I did a quick check of the HSYNC pulse on my scope while playing the Tetris game and didn't seen any wandering about. Its edges looked rock solid. Although this might not be the best way to examine it if any variation is very transient or random. Ideally we can get a COG to monitor the VSYNC or HSYNC pin and time it precisely. What's the best Smartpin mode for that? I should be able to reroute its input source from one of these SYNC pins with a neighboring distance of 3.
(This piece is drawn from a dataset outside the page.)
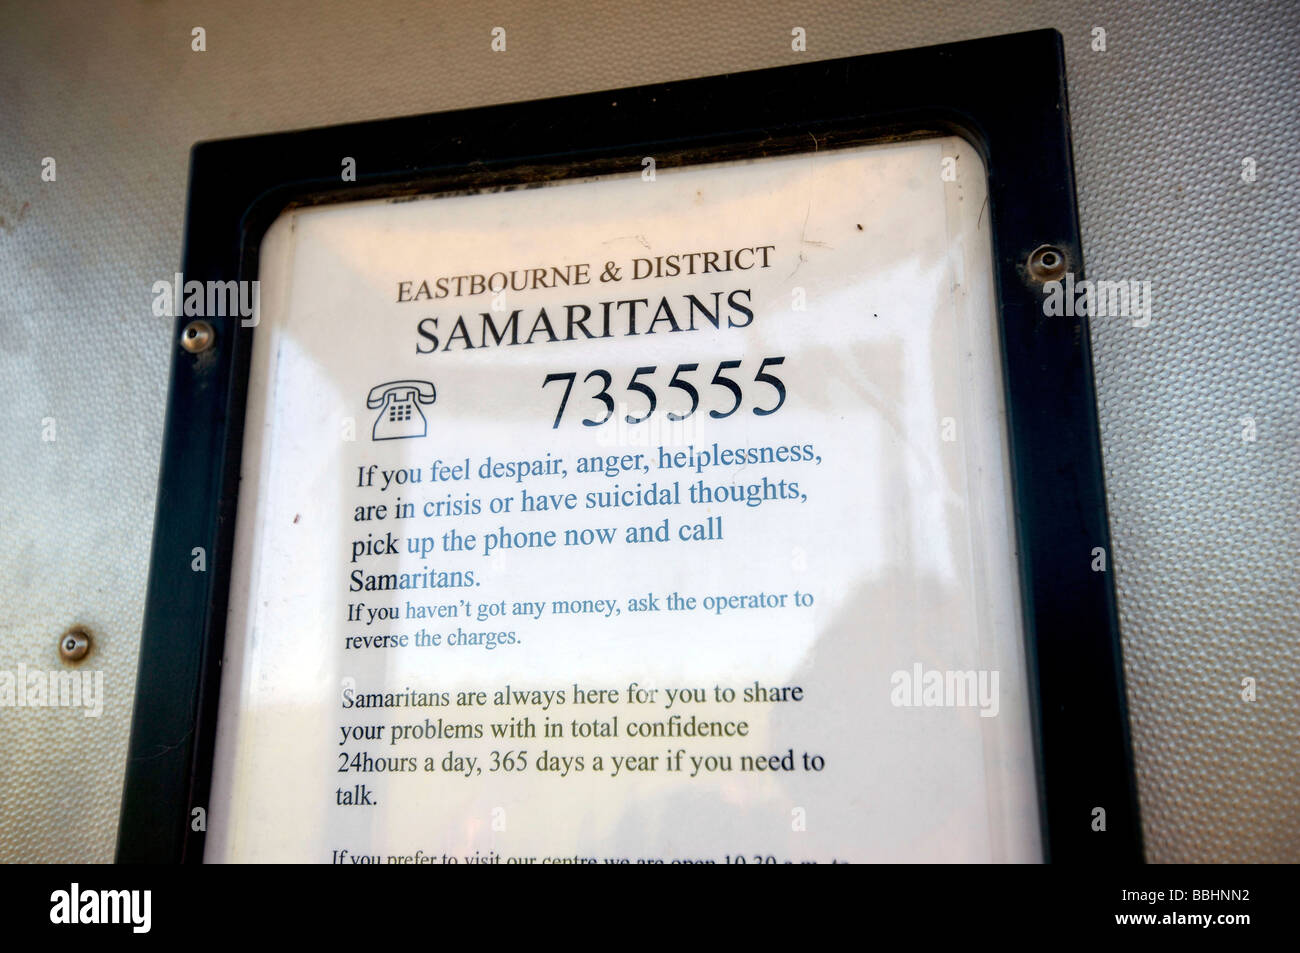 Dettagli di contatto per i Samaritani intorno e nel telefono pubblico box a Beachy Head, un famoso spot di suicidio. Foto Stock

The thing is I am hearing poor sounding audio (aliased/distorted) and I'm not sure if this is a result of actual SYNC jitter or a side effect of the unfiltered 4 bit DAC they use, or by feeding it through the A/V breakout to my amplified speakers. Gigatron appears to use a total video line count of 521 scan lines and this is a problem because it is not a multiple of 4 and it will also affect audio. Looking at the ROM they seem to try to compensate for this in one case, but I'm not sure if this is a good scheme or not. In this case the soundDiscontinuity is (521 mod 4) = 1.
If I could find a way produce a pure tone, I could probably hear if it is clean or not, but the demo wave generators use the 4 bit DAC which complicates the sound.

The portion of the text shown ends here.